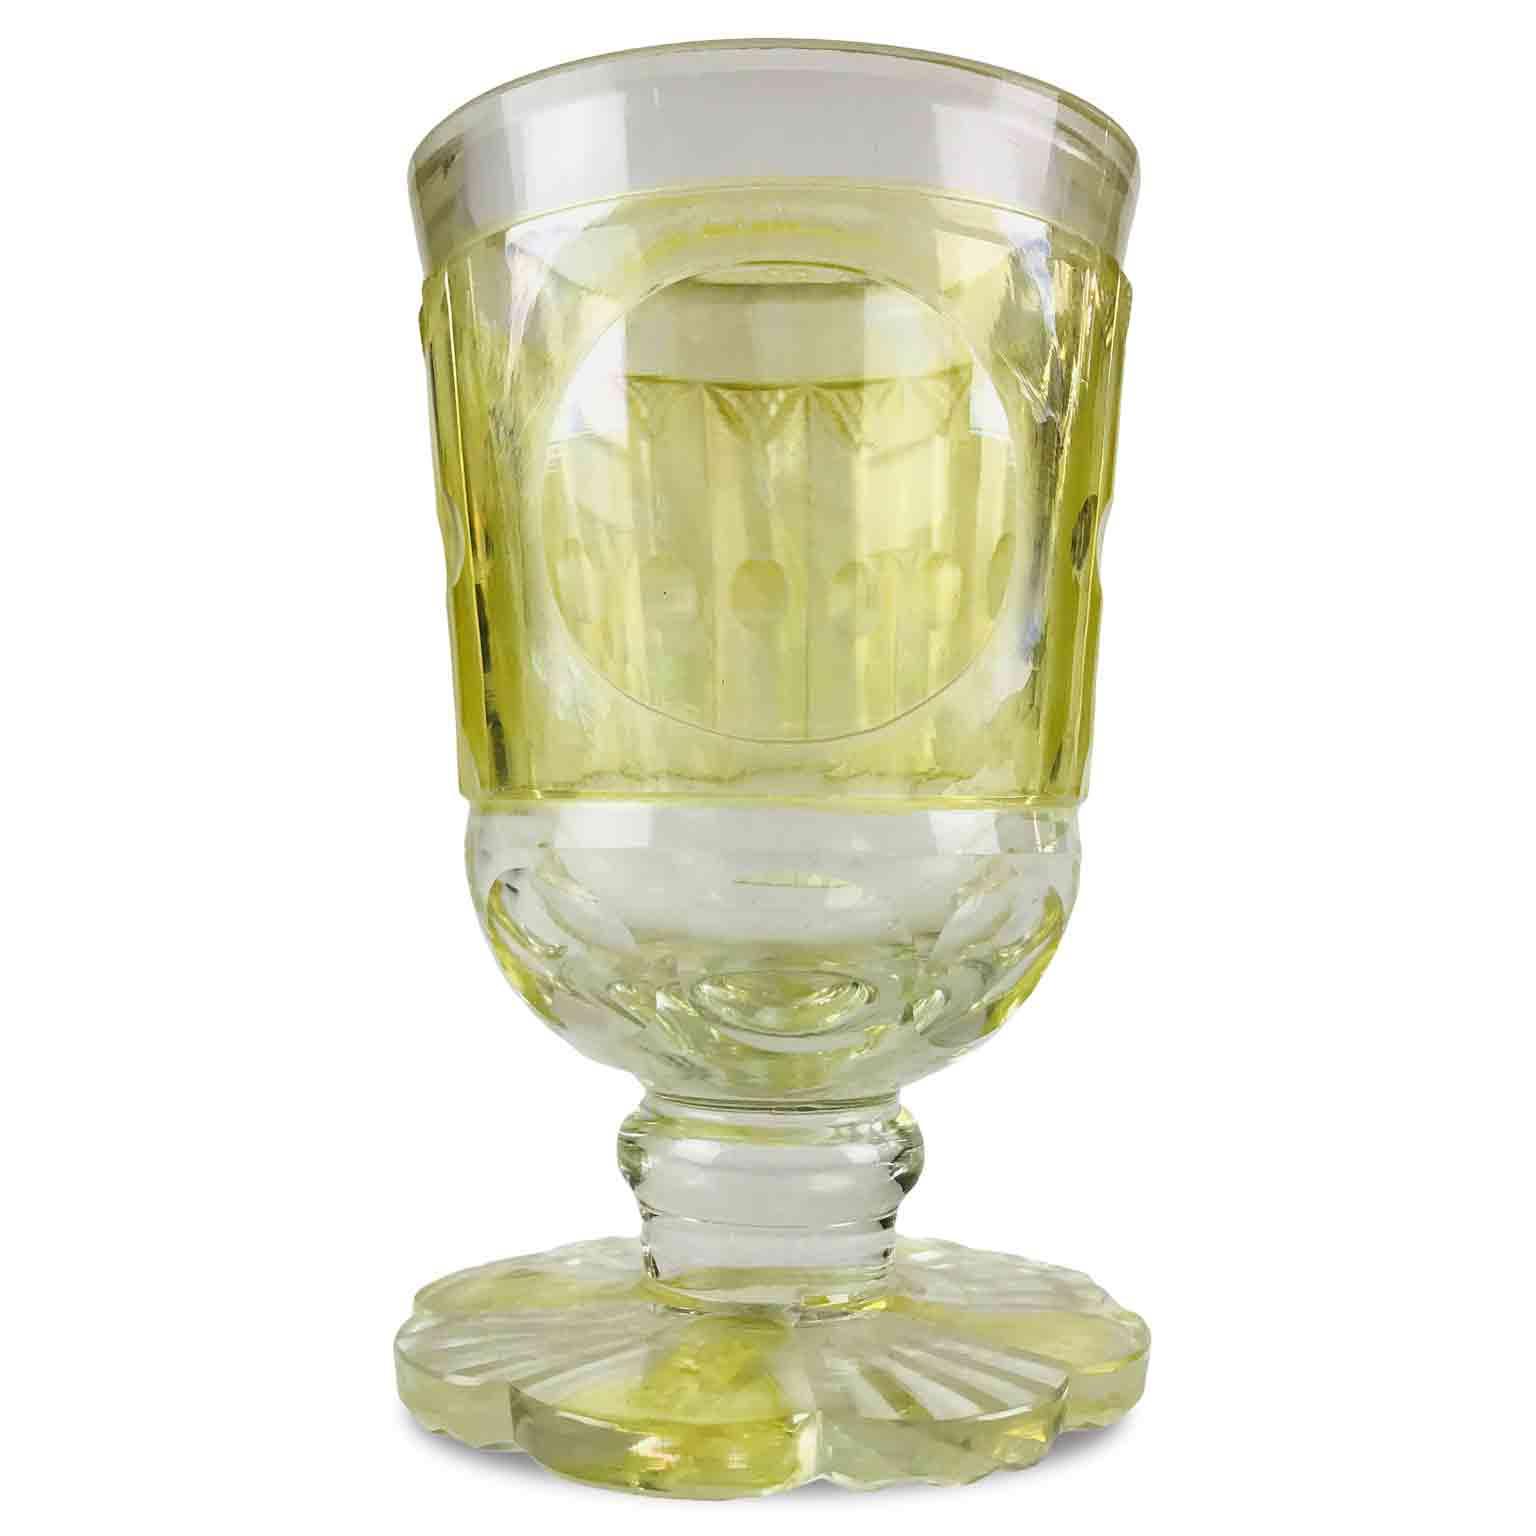 Bicchiere-Antico-all'Ossido-di-Uranio-
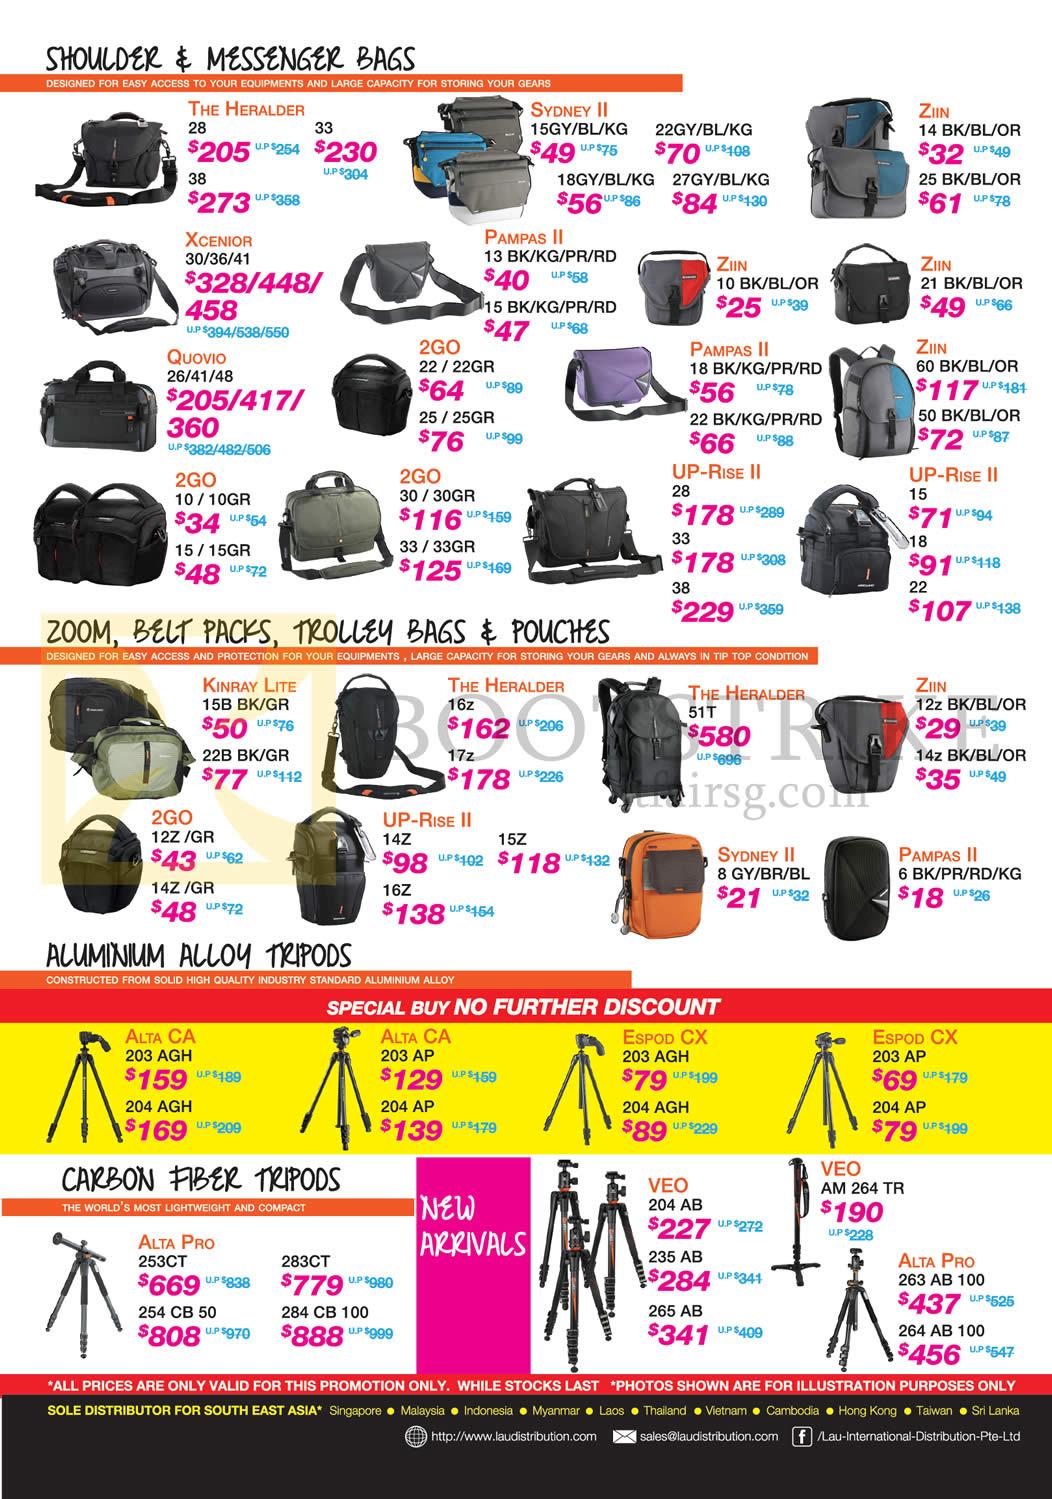 Lau Intl Shoulder, Messenger Bags, Zoom Belt Packs, Trolley Bags, Pouches, Aluminium Alloy Tripods, Carbon Fiber Tripods
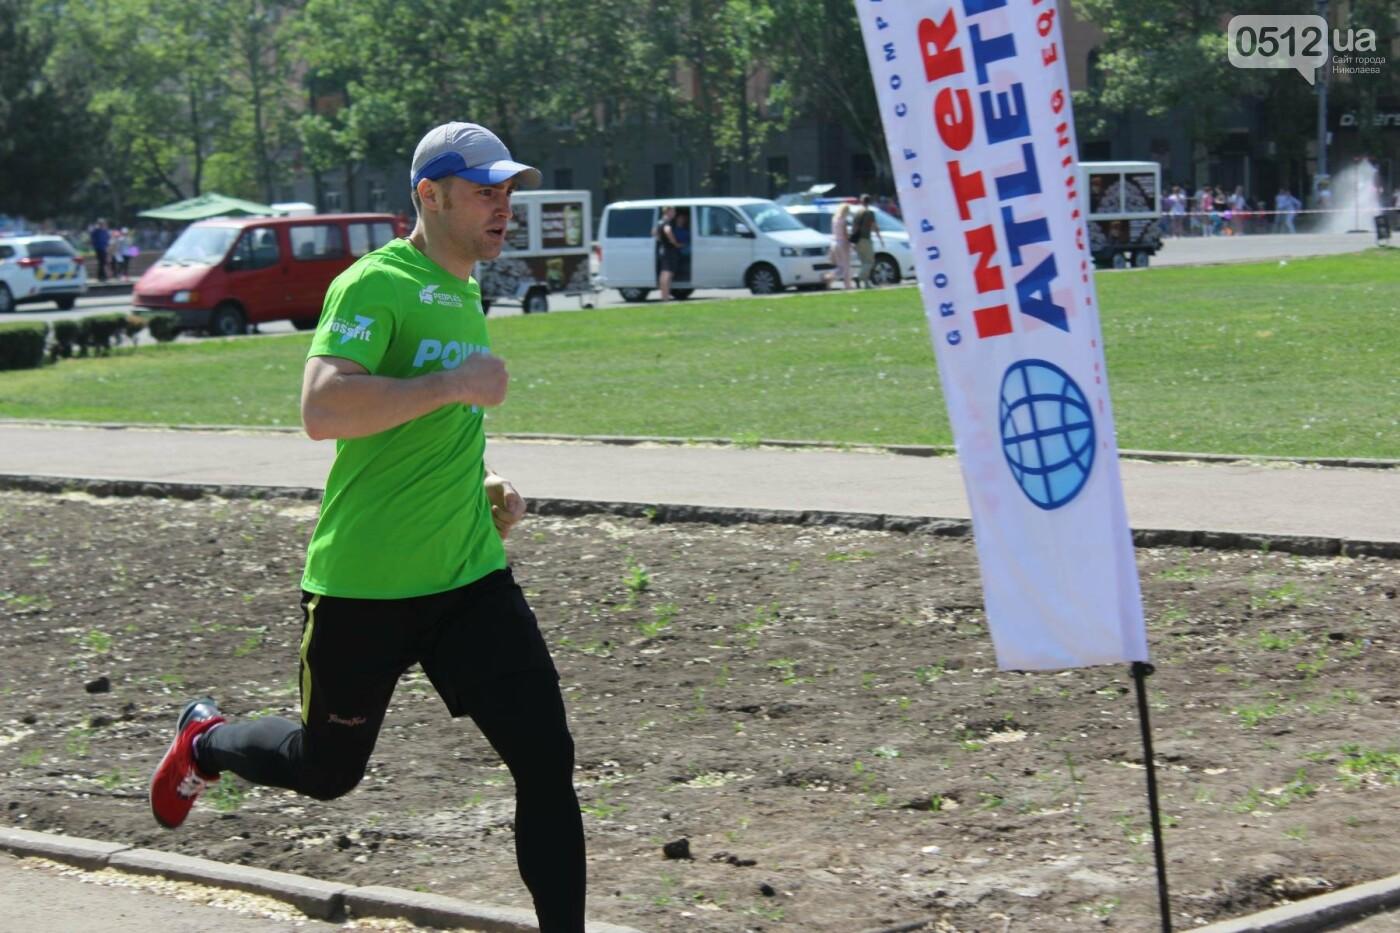 Кто сильнее: в Николаеве прошли соревнования по кроссфиту среди силовых структур, - ФОТО, ВИДЕО, фото-10

[Your task]
Drop the images and repeat the data exactly.

[Answer for the task]
 Bicchiere-Antico-all'Ossido-di-Uranio-
 Lau Intl Shoulder, Messenger Bags, Zoom Belt Packs, Trolley Bags, Pouches, Aluminium Alloy Tripods, Carbon Fiber Tripods
 Кто сильнее: в Николаеве прошли соревнования по кроссфиту среди силовых структур, - ФОТО, ВИДЕО, фото-10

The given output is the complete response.